Directions:
Skip the pictures. Output only the lines below starting at the line with "Adidas Go-To Printed Mesh Polo Shirt. 4" and ending at the line with "Shop vải Thái Xinh ảnh 2", both ends included, exactly as they are.

### Stored data

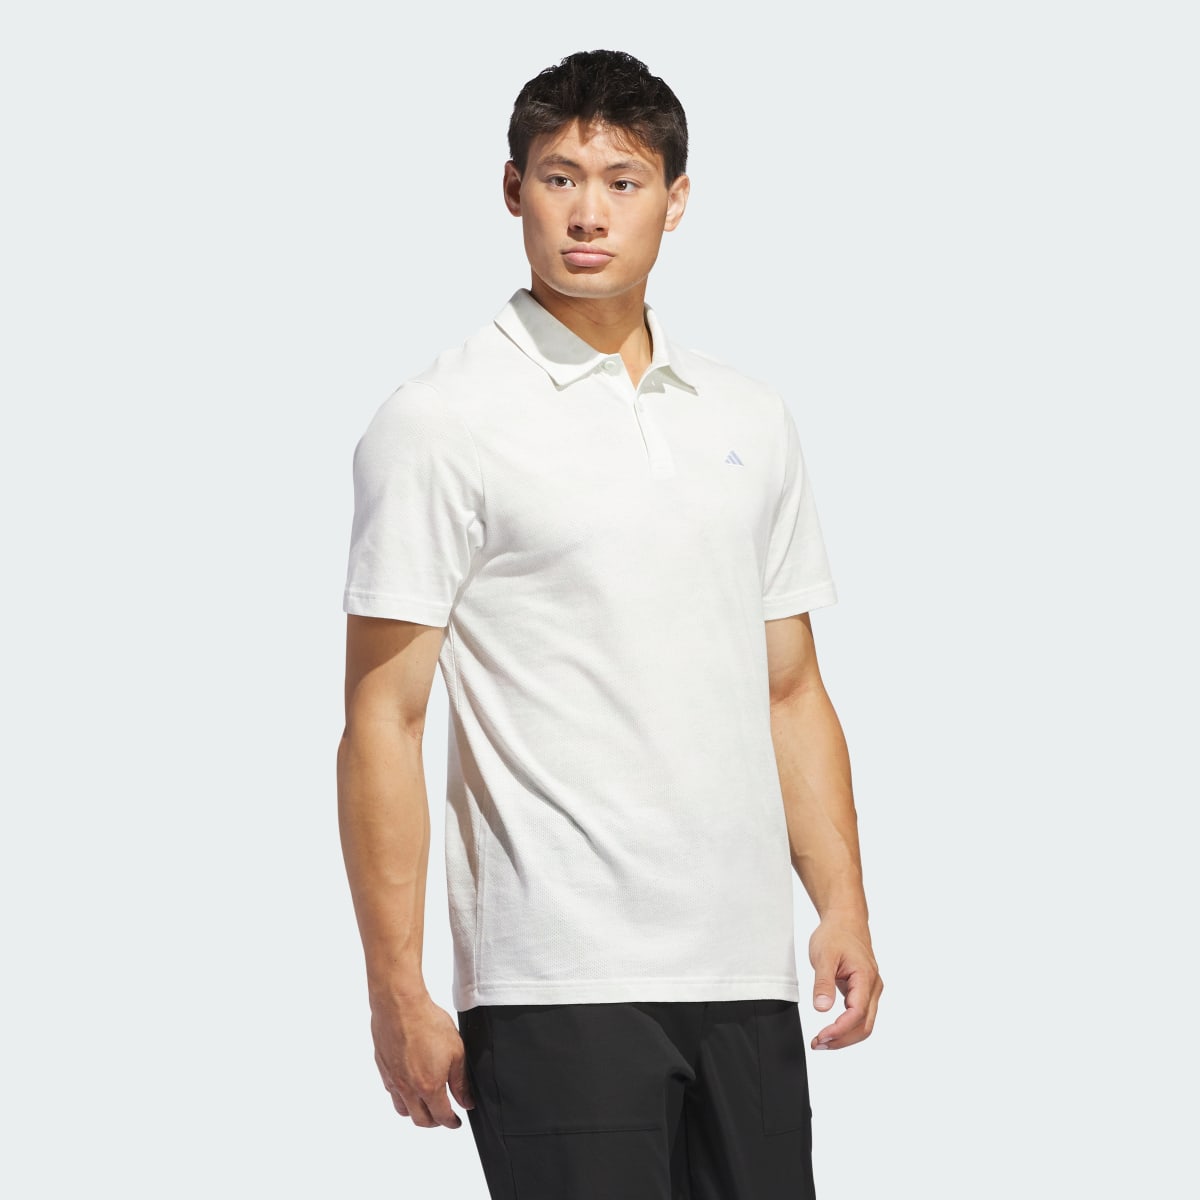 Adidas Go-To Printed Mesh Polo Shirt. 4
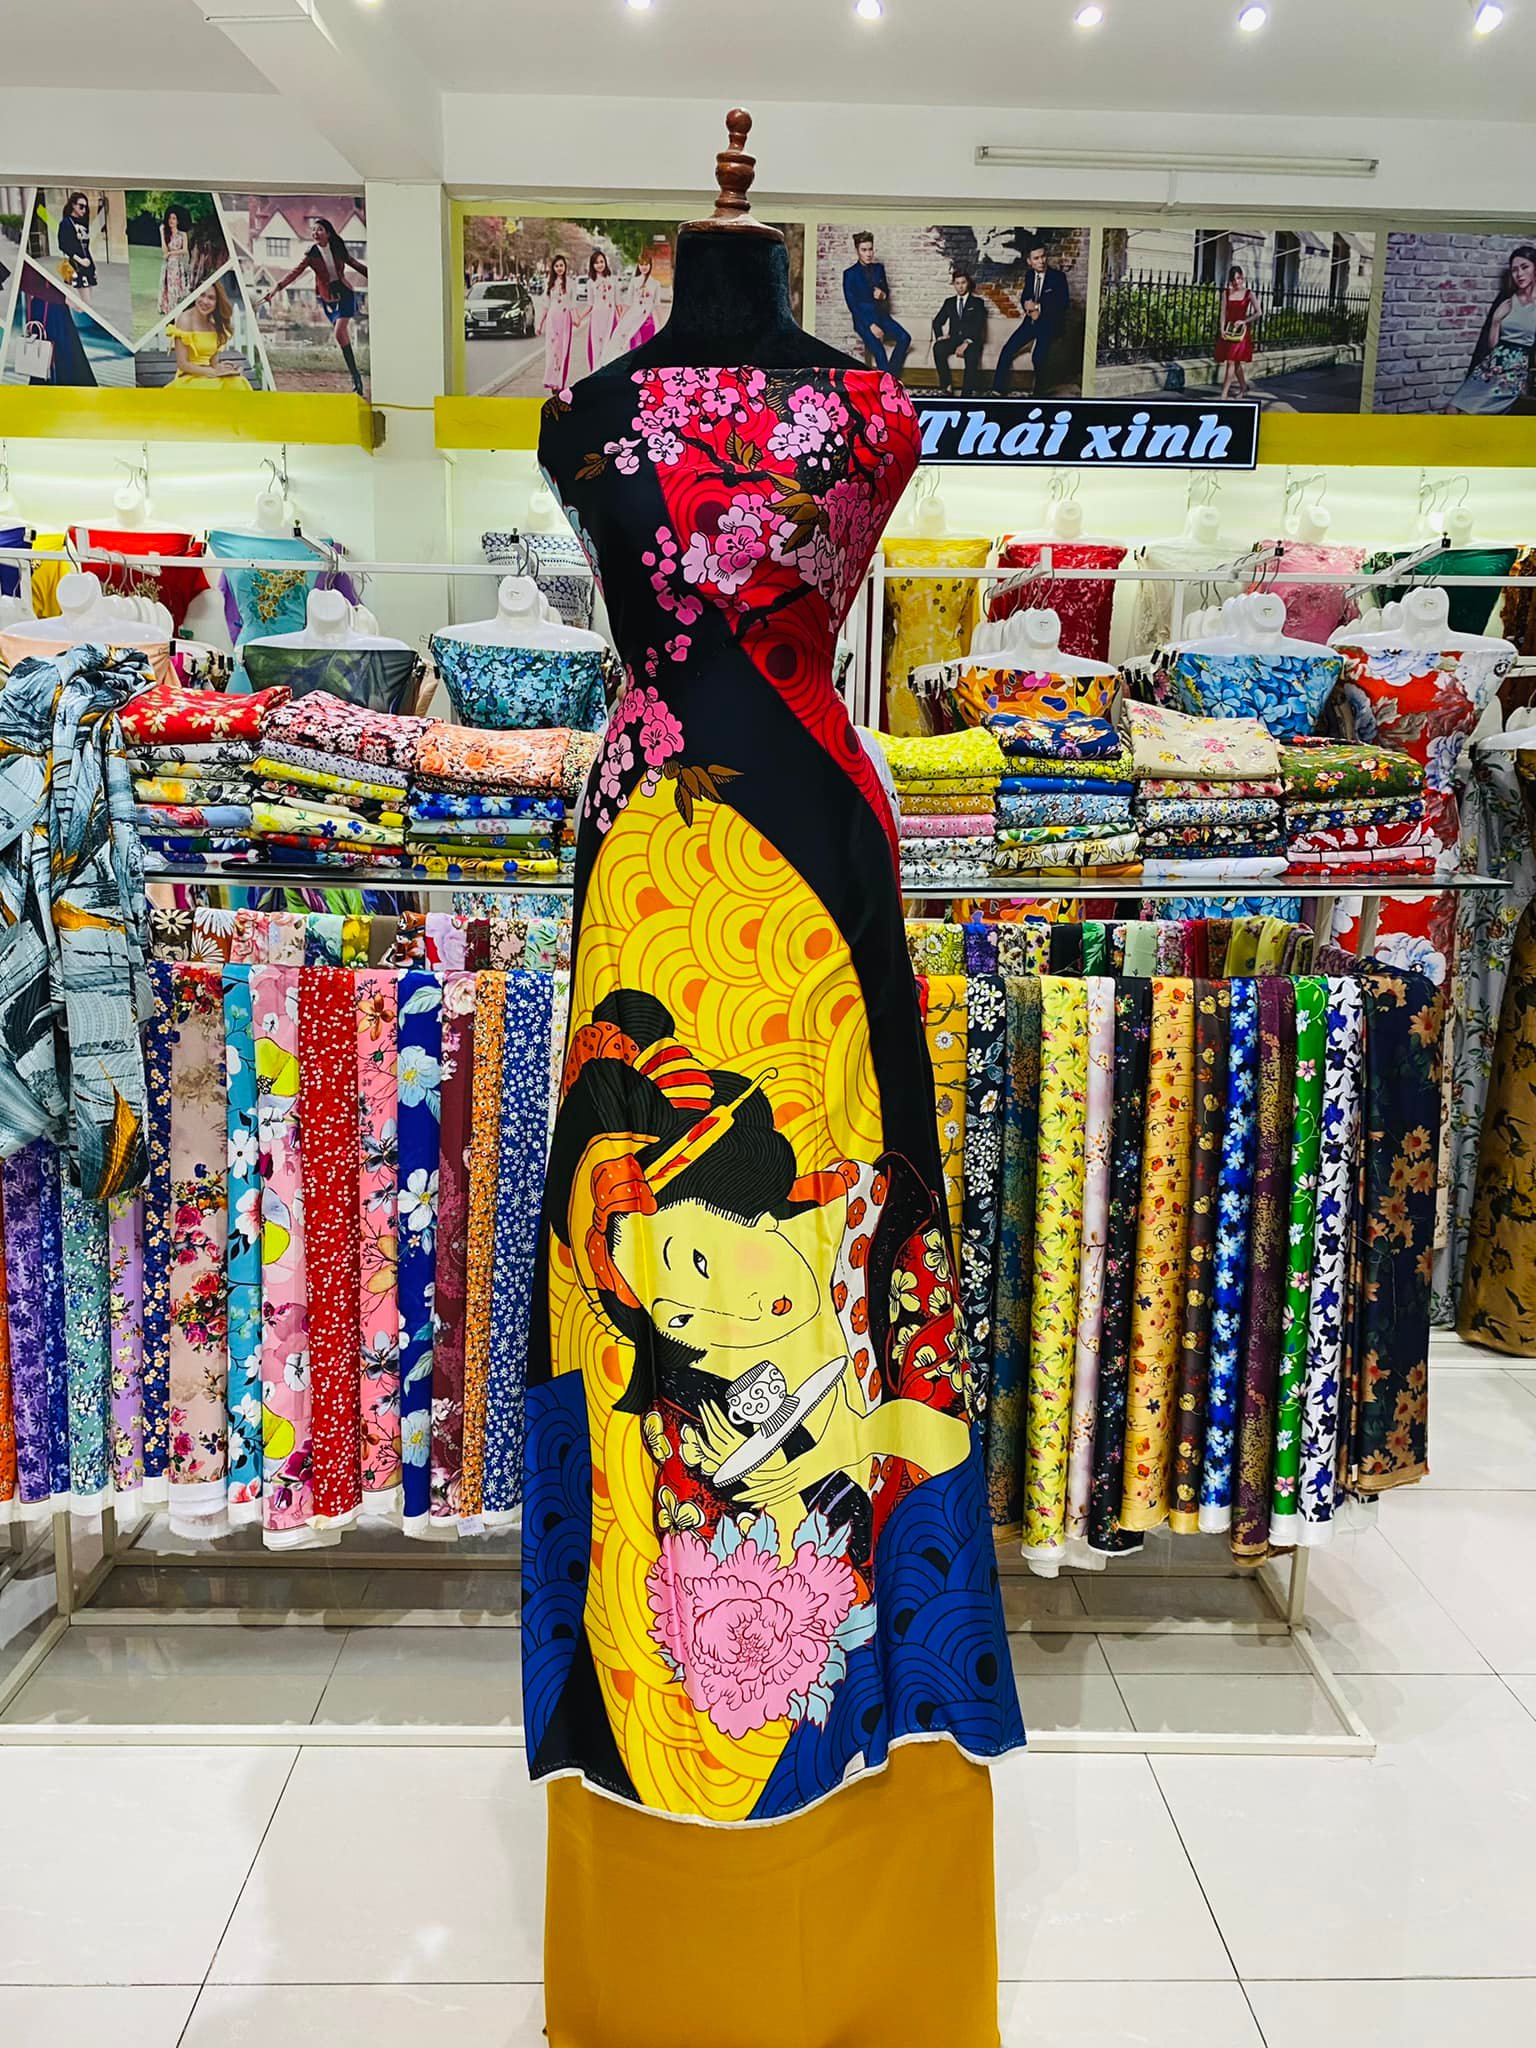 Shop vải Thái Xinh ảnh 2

######
### Stored data

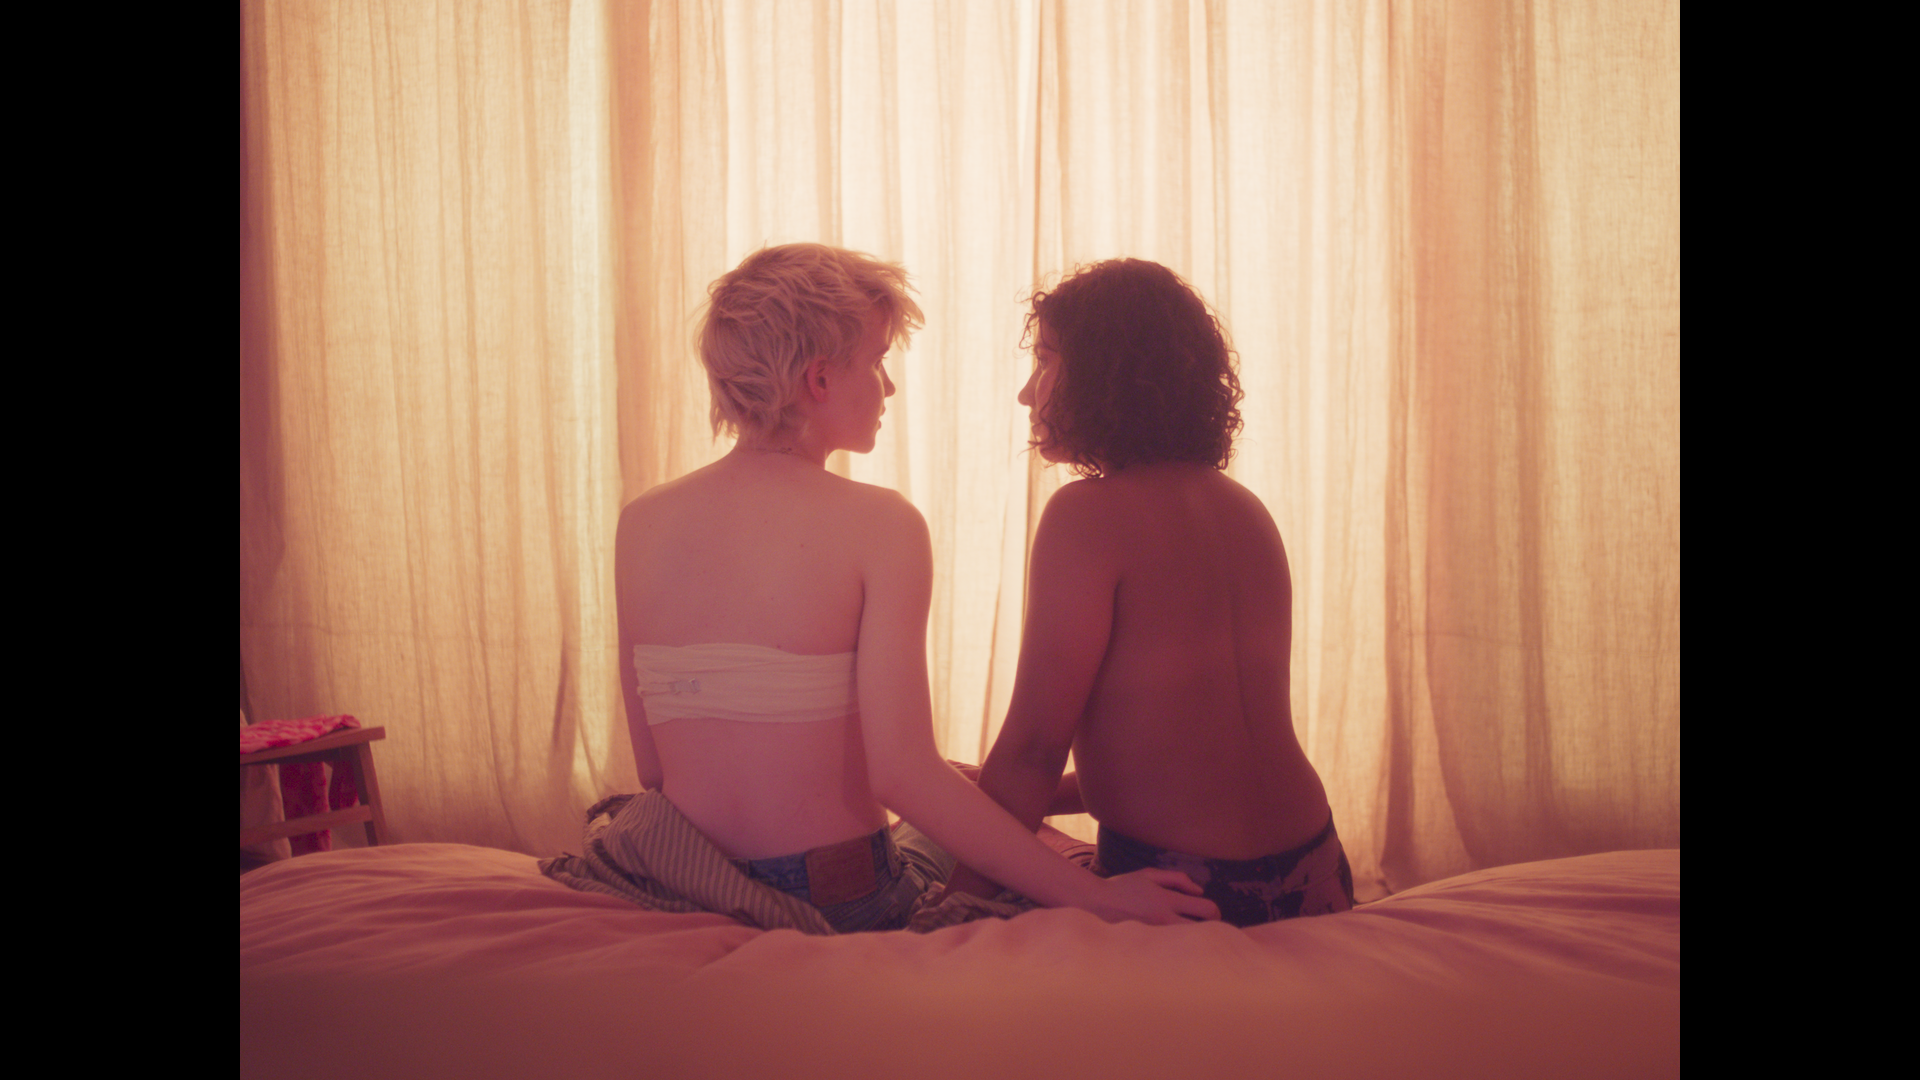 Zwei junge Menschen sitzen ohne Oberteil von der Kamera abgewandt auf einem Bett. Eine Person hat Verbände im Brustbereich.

######

Response below:
 Adidas Go-To Printed Mesh Polo Shirt. 4
 Shop vải Thái Xinh ảnh 2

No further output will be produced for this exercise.